Jika menggunakan Anaconda Prompt conda install -c conda-forge scikit-learn

**Mengecek Versi Sci-Kit Learn**

Jika menggunakan Command Prompt **python -m pip show scikit-learn** -> Untuk melihat versi dan lokasi Sci-Kit Learn diinstall

Jika menggunakan Anaconda Prompt **conda list scikit-learn** -> Untuk melihat versi Sci-Kit Learn yang sudah diinstall

# **Dataset Loading**
Sebagai salah satu contoh demo untuk Scikit Learn, digunakan dataset klasifikasi bunga berdasarkan iris bunga. Pada dataset ini terdapat 4 fitur:
![image.png](attachment:image.png)
* Sepal Length (cm)
* Sepal Width (cm)
* Petal Length (cm)
* Petal Width (cm)

Dengan 3 target klasifikasi bunga:
* Setosa (0)
* Versicolor (1)
* Virginica (2)

In [1]:
# Load Datasets
from sklearn.datasets import load_iris
from sklearn.model_selection import train_test_split

iris = load_iris()
X = iris.data
y = iris.target
feature_names = iris.feature_names
target_names = iris.target_names

print("Feature names:", feature_names)
print("Target names:", target_names)
print("\nFirst 10 rows of X:\n", X[:10])

Feature names: ['sepal length (cm)', 'sepal width (cm)', 'petal length (cm)', 'petal width (cm)']
Target names: ['setosa' 'versicolor' 'virginica']

First 10 rows of X:
 [[5.1 3.5 1.4 0.2]
 [4.9 3.  1.4 0.2]
 [4.7 3.2 1.3 0.2]
 [4.6 3.1 1.5 0.2]
 [5.  3.6 1.4 0.2]
 [5.4 3.9 1.7 0.4]
 [4.6 3.4 1.4 0.3]
 [5.  3.4 1.5 0.2]
 [4.4 2.9 1.4 0.2]
 [4.9 3.1 1.5 0.1]]


# **Split Dataset**
Dalam berikut ini, dataset bunga akan dibagi menjadi training dan test dataset

In [2]:
# Split into train and test dataset
# 70% Train
# 30% Test

X_train, X_test, y_train, y_test = train_test_split(
   X, y, test_size = 0.3, random_state = 1
)

print(X_train.shape)
print(X_test.shape)

print(y_train.shape)
print(y_test.shape)

(105, 4)
(45, 4)
(105,)
(45,)


# **Train Model**
Terdapat beberapa algoritma yang biasa digunakan pada scikit-learn, yaitu: fitting, predicting accuracy, recall

In [3]:
# Import K-Neighbors Classifier
from sklearn.neighbors import KNeighborsClassifier
from sklearn import metrics

In [4]:
classifier_knn = KNeighborsClassifier(n_neighbors = 3)
classifier_knn.fit(X_train, y_train)
y_pred = classifier_knn.predict(X_test)
print(y_pred)

# Finding accuracy by comparing actual response values(y_test)with predicted response value(y_pred)
print("Accuracy:", metrics.accuracy_score(y_test, y_pred))
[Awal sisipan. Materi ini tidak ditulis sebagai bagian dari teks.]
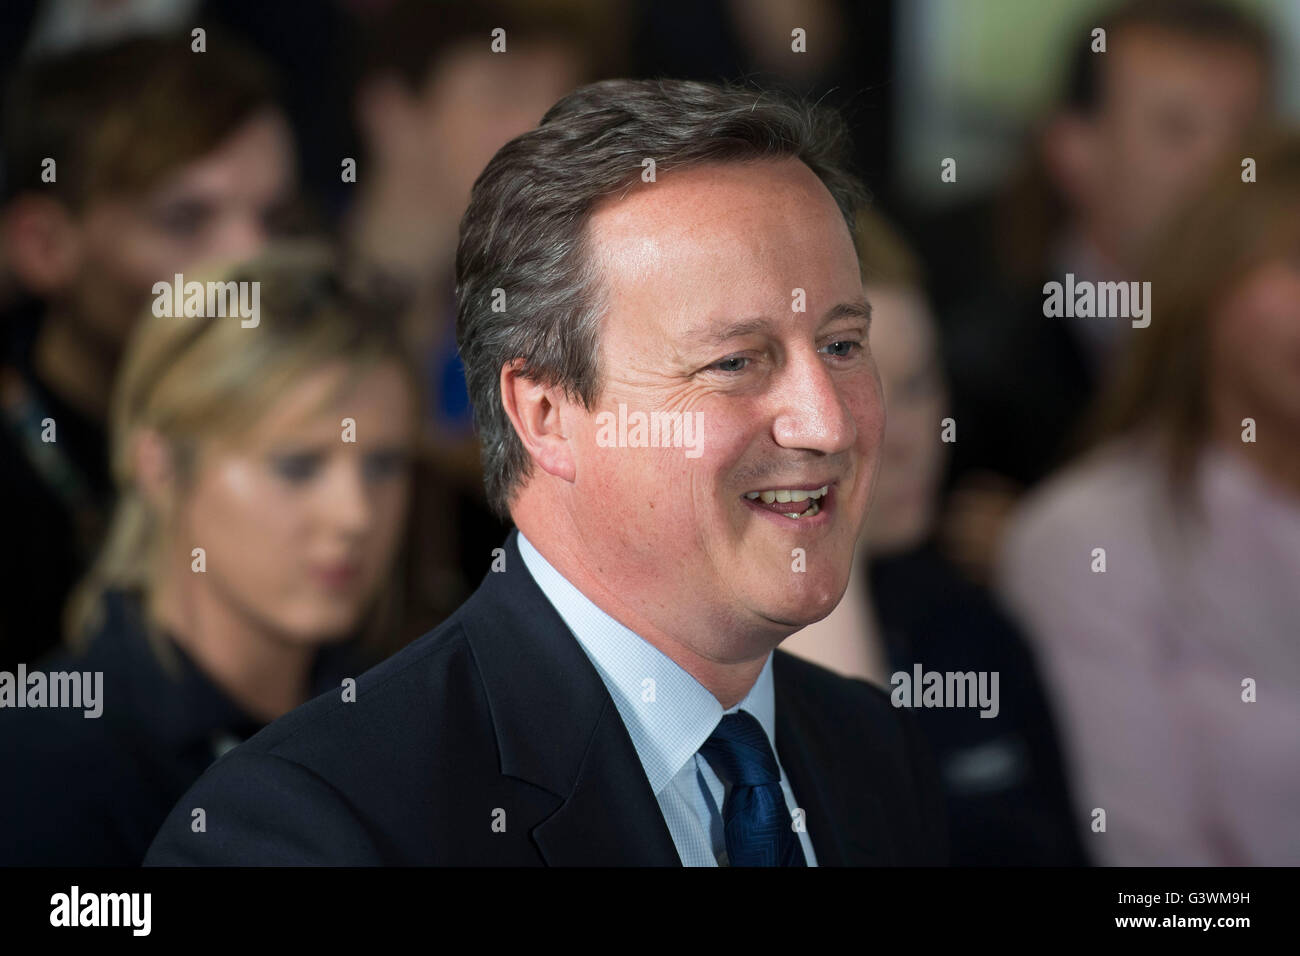 David Cameron Premierminister des Vereinigten Königreichs und konservative Parteichef spricht auf eine Debatte über die Europäische Union. Stockfoto

# Providing sample data and the model will make prediction out of that data
# sample = [[4.9, 3., 1.4, 0.2], [4.7, 3.2, 1.3, 0.2]]
sample = [[5, 5, 3, 2], [2, 4, 3, 5]]
preds = classifier_knn.predict(sample)
pred_species = [iris.target_names[p] for p in preds] 
print("Predictions:", pred_species)

[0 1 1 0 2 1 2 0 0 2 1 0 2 1 1 0 1 1 0 0 1 1 1 0 2 1 0 0 1 2 1 2 1 2 2 0 1
 0 1 2 2 0 1 2 1]
Accuracy: 0.9777777777777777
Predictions: ['versicolor', 'virginica']


# **Save & Loading Model**
.dump berguna untuk menyimpan hasil training menjadi file model
.load berguna mengload kembali model yang sudah dibuat sebelumnya dengan menggunakan .dump

In [5]:
import joblib
joblib.dump(classifier_knn, 'iris_classifier_knn.joblib')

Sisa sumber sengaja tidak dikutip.